In the Datalab menu bar, select Notebook | Rename. Name the notebook BigQuery-Test and then click OK. You can then close that tab and return to the Datalab Home page.

Step 5

Back at the Datalab home page in the upper right corner of the toolbar are 4 icons. Hover over the second one (the one that looks like a stack of progress bars) and the resulting tooltip should read Running Sessions. Click on that icon.

On the resulting page you should see one active notebook, the BigQuery-Test notebook you just created.

Click the Shutdown button on the right side and then close this tab.
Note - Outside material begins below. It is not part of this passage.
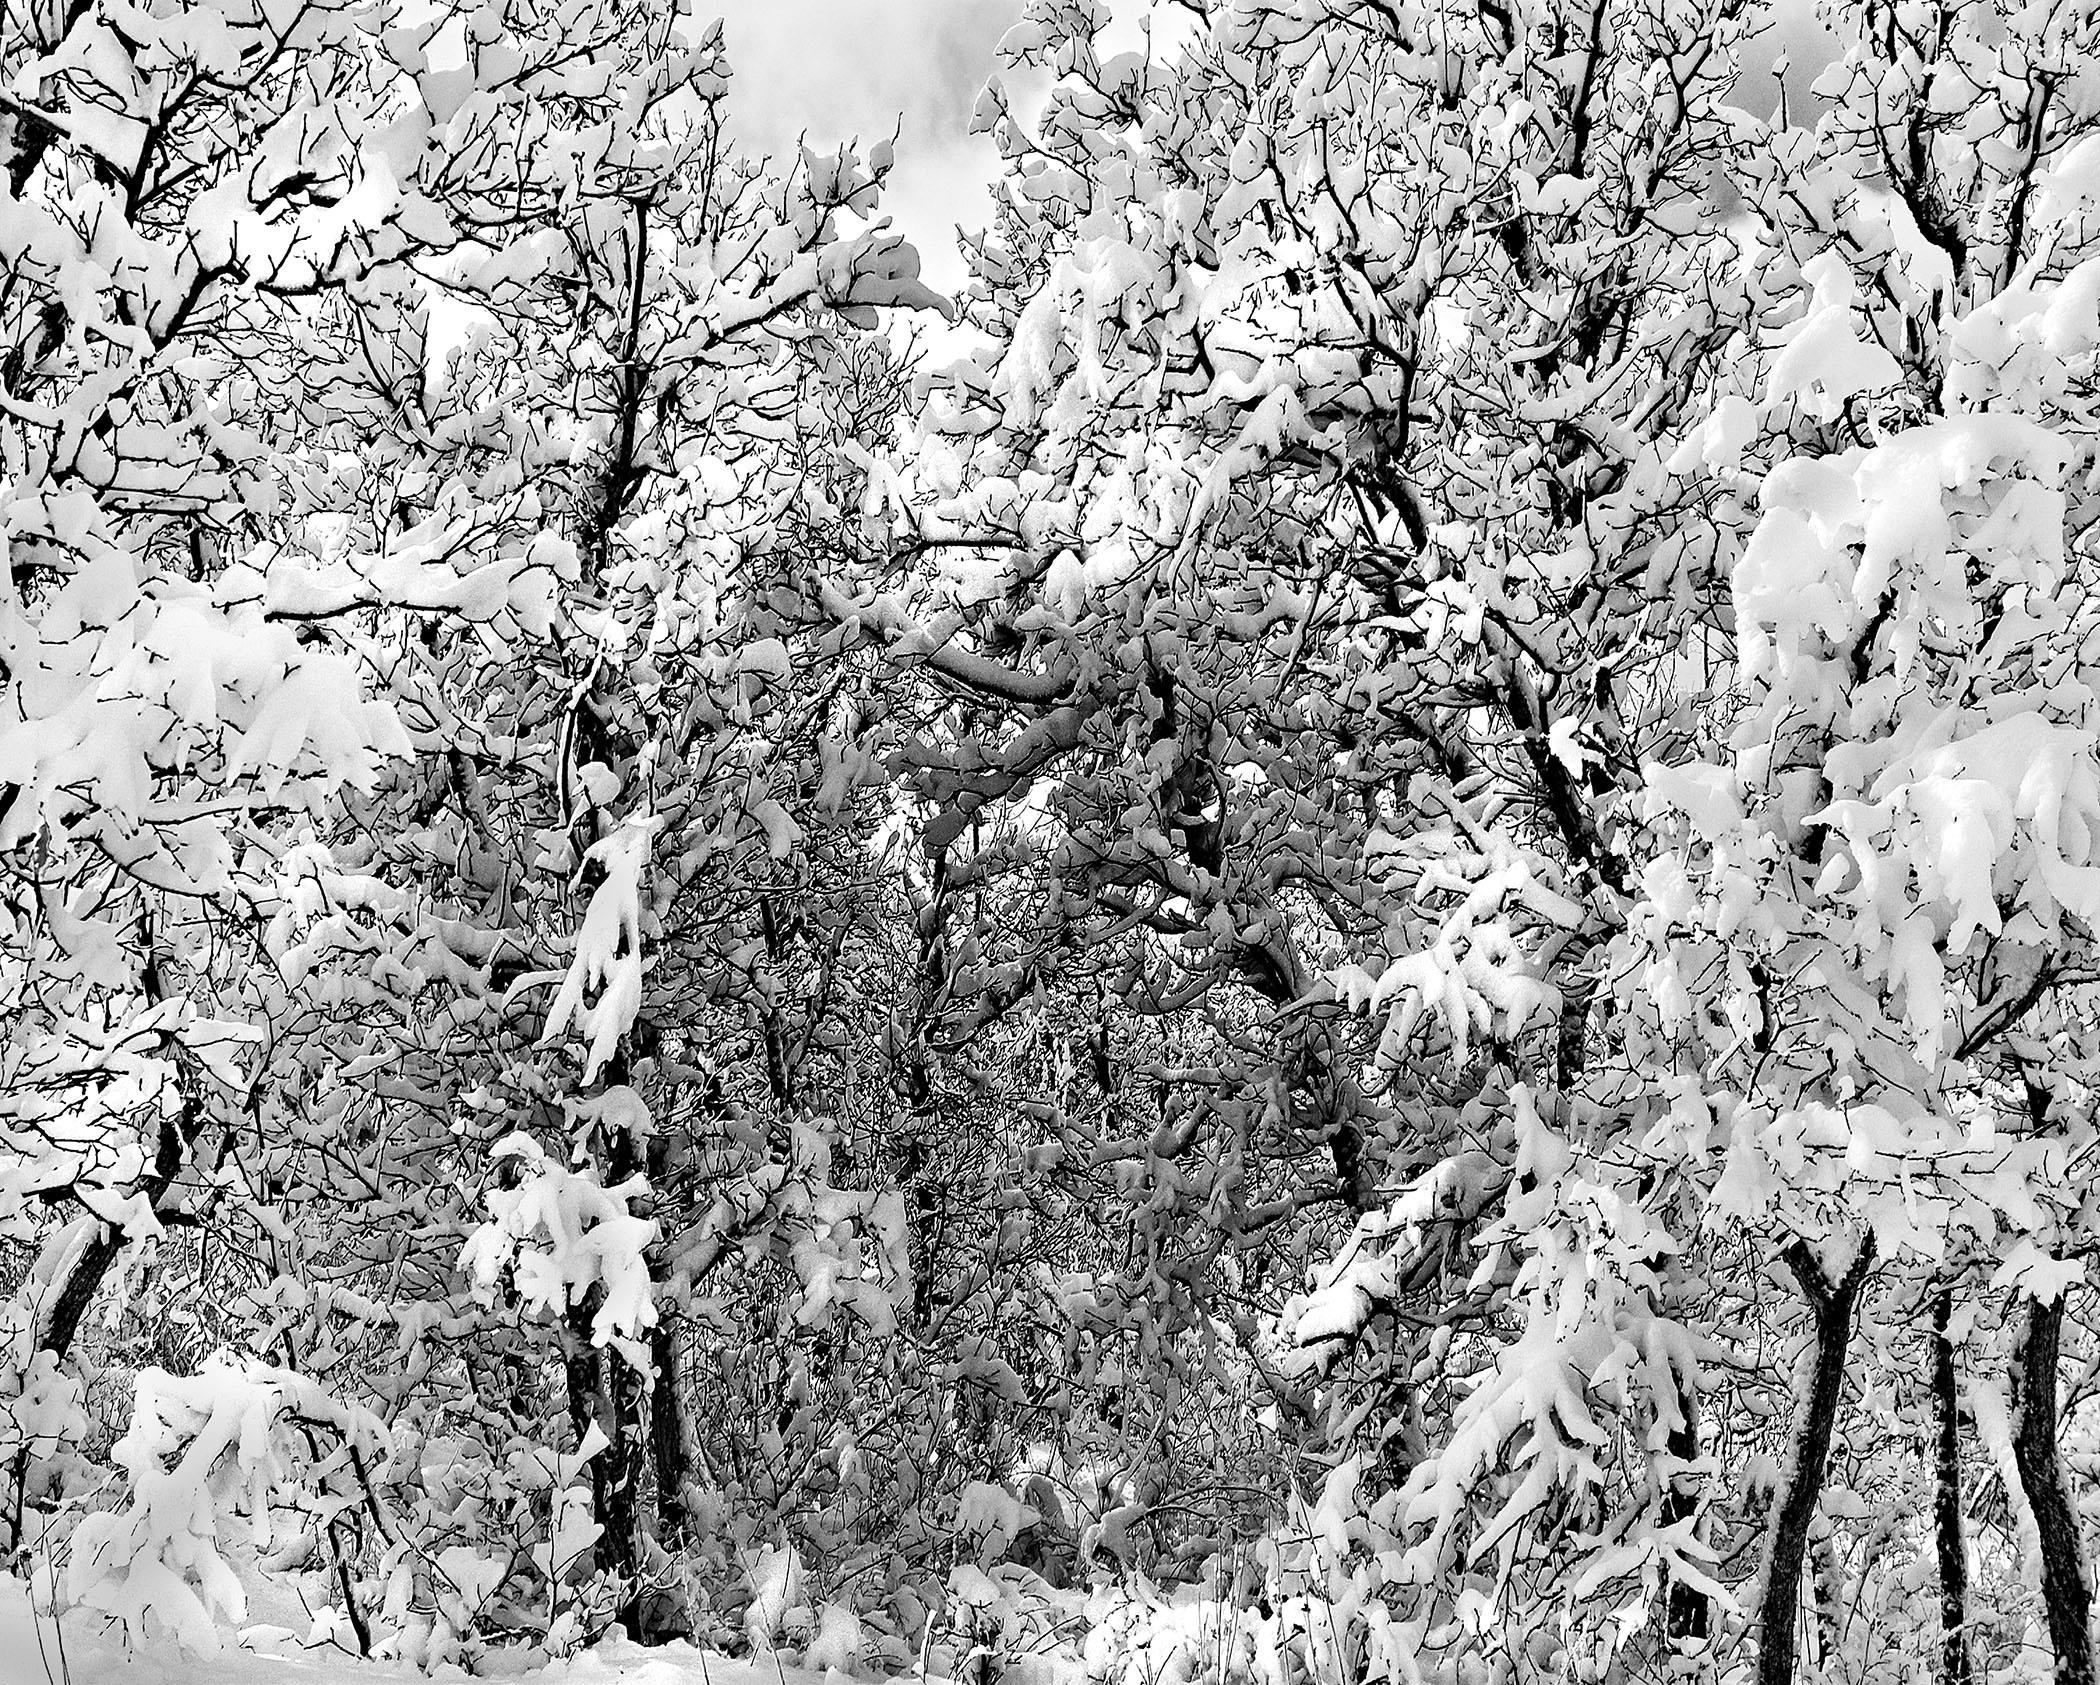 Michael Fain - Winter Trees 17 1/6
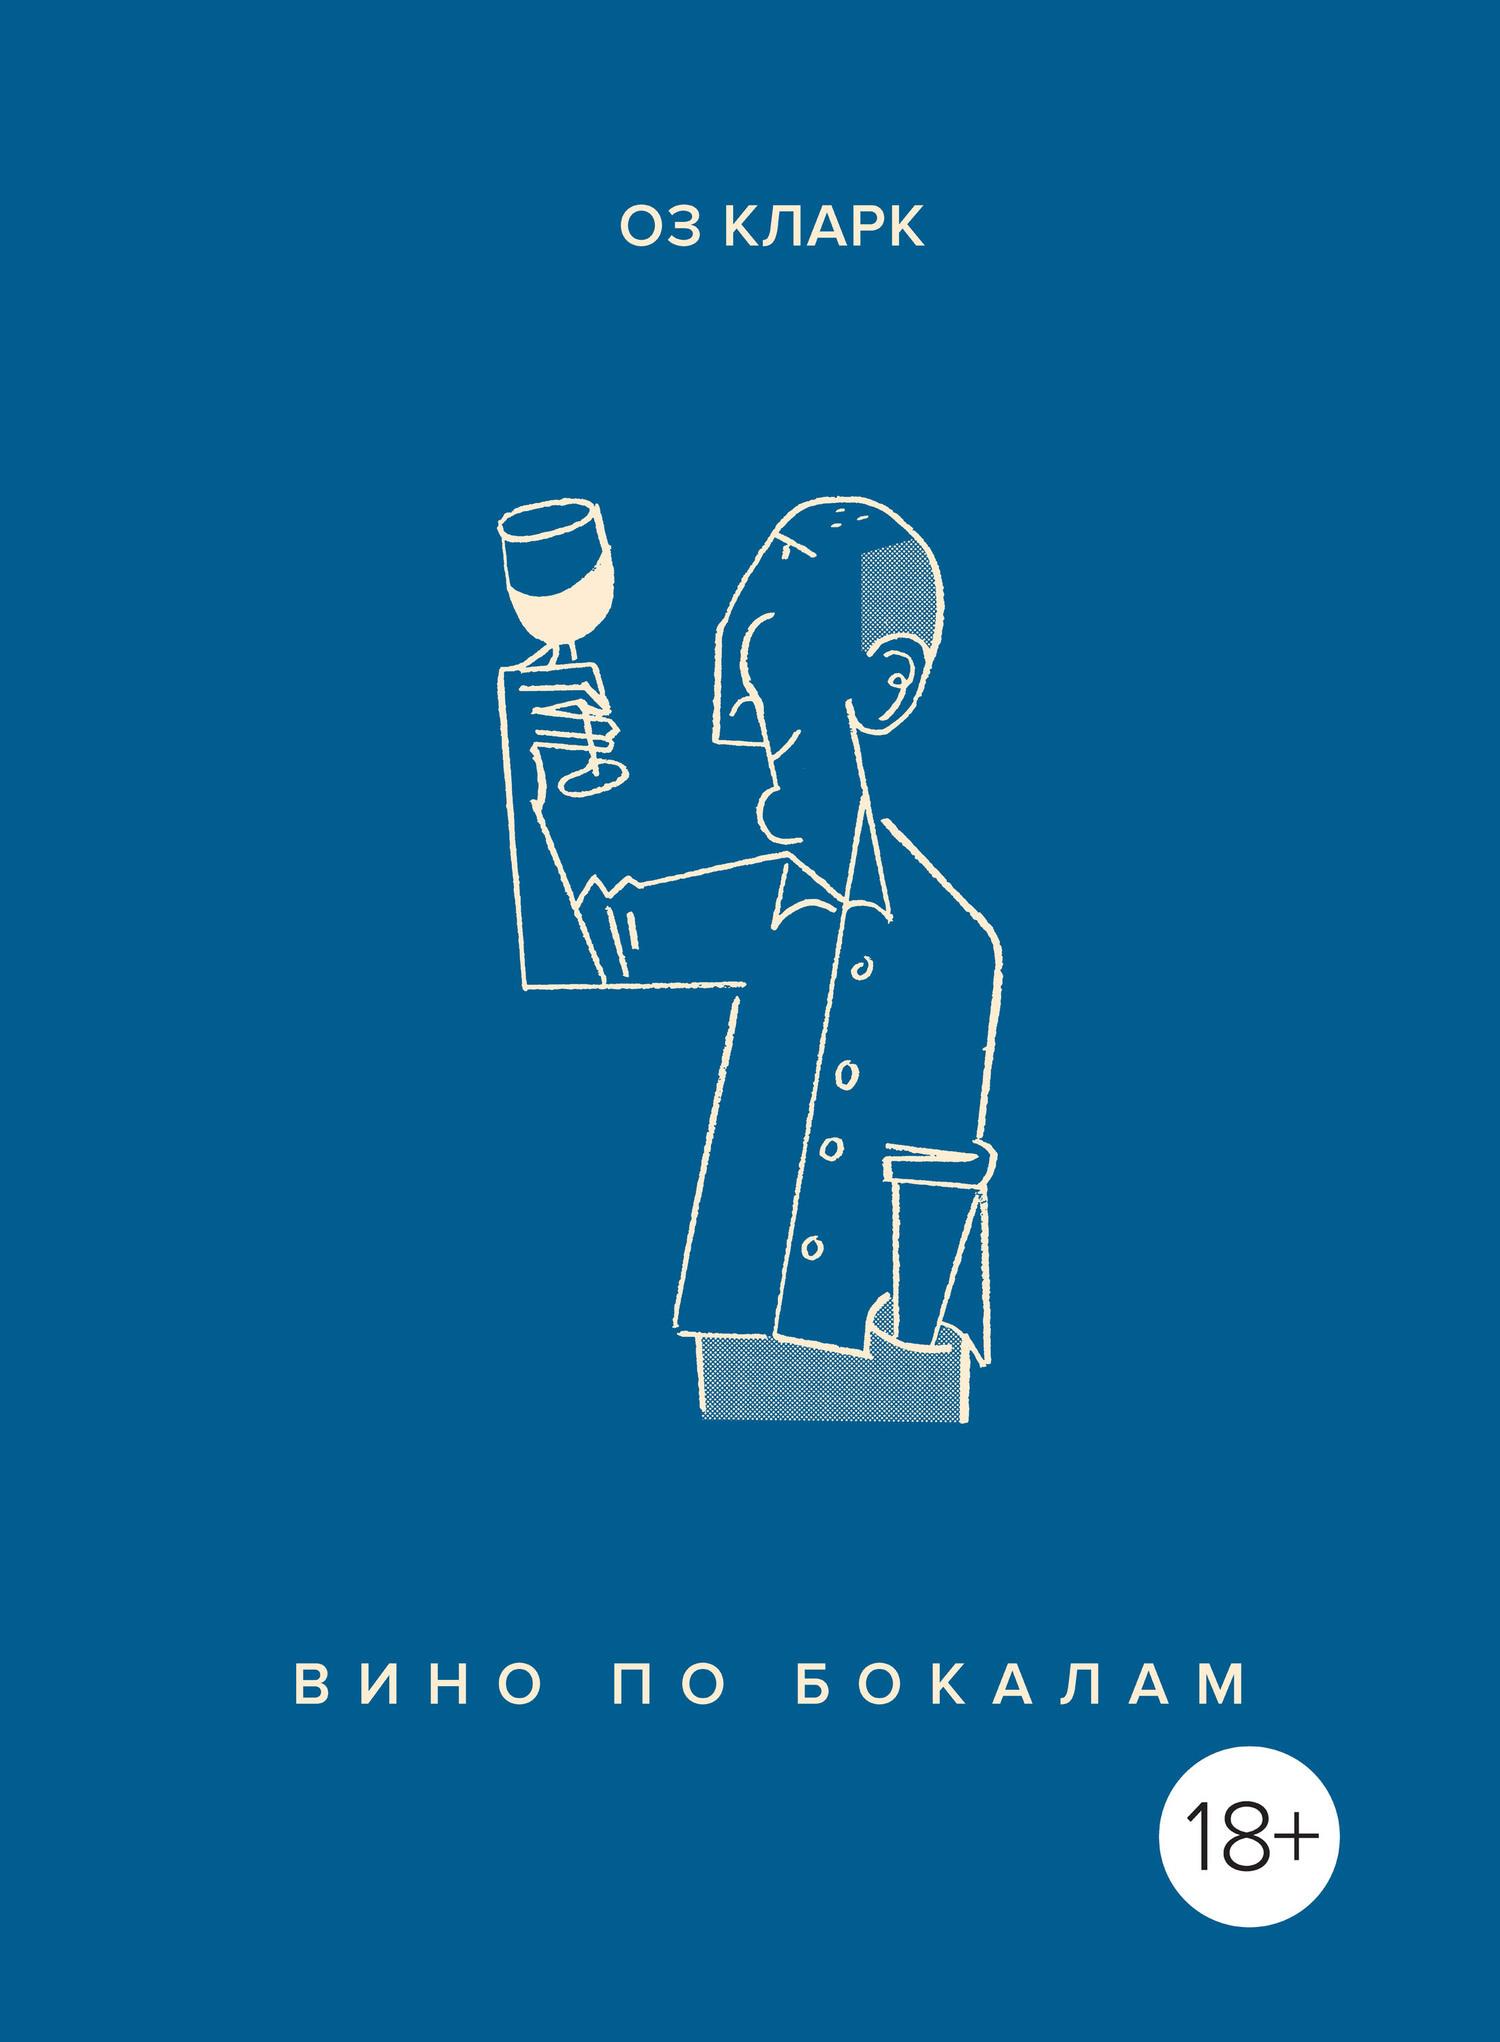 Оз Кларк - Вино по бокалам

The last notebook didn't run anything in parallel on your Dataproc cluster. This time, let's get a notebook from the GitHub repository and execute it. This notebook uses PySpark and makes use of your Spark cluster.

Step 1

Back at the Datalab home page in the upper right corner of the toolbar are 4 icons. Hover over the first one (the one that looks like a fork in the road) and the resulting tooltip should read Open ungit. Click on that icon.

Step 2

Fill out the form to clone the github repository corresponding to the course:

https://github.com/GoogleCloudPlatform/training-data-analyst

Then click on Clone repository

Step 3

Back on the Datalab home page click the Home icon and navigate to datalab/notebooks/training-data-analyst/courses/unstructured. Click on PySpark-Test-Solution.ipynb to open that notebook.

Step 4

In the notebook, Click on Clear | All Cells. Now, execute each cell in turn, making sure to change any occurrences of BUCKET_NAME to be the name of your bucket.

Step 5

You will want to stop this notebook as you did the previous one. Click the Running Sessions link on the right side of the toolbar. Then, click the Shutdown button to the left of the PySpark-Test-Solution notebook.

Close this tab and return to the Datalab home page.

There's no need to keep any clusters.

Step 1

Close the Datalab tab.

Step 2

Navigate to the Dataproc service using the Web Console. Delete any clusters that you created in this exercise.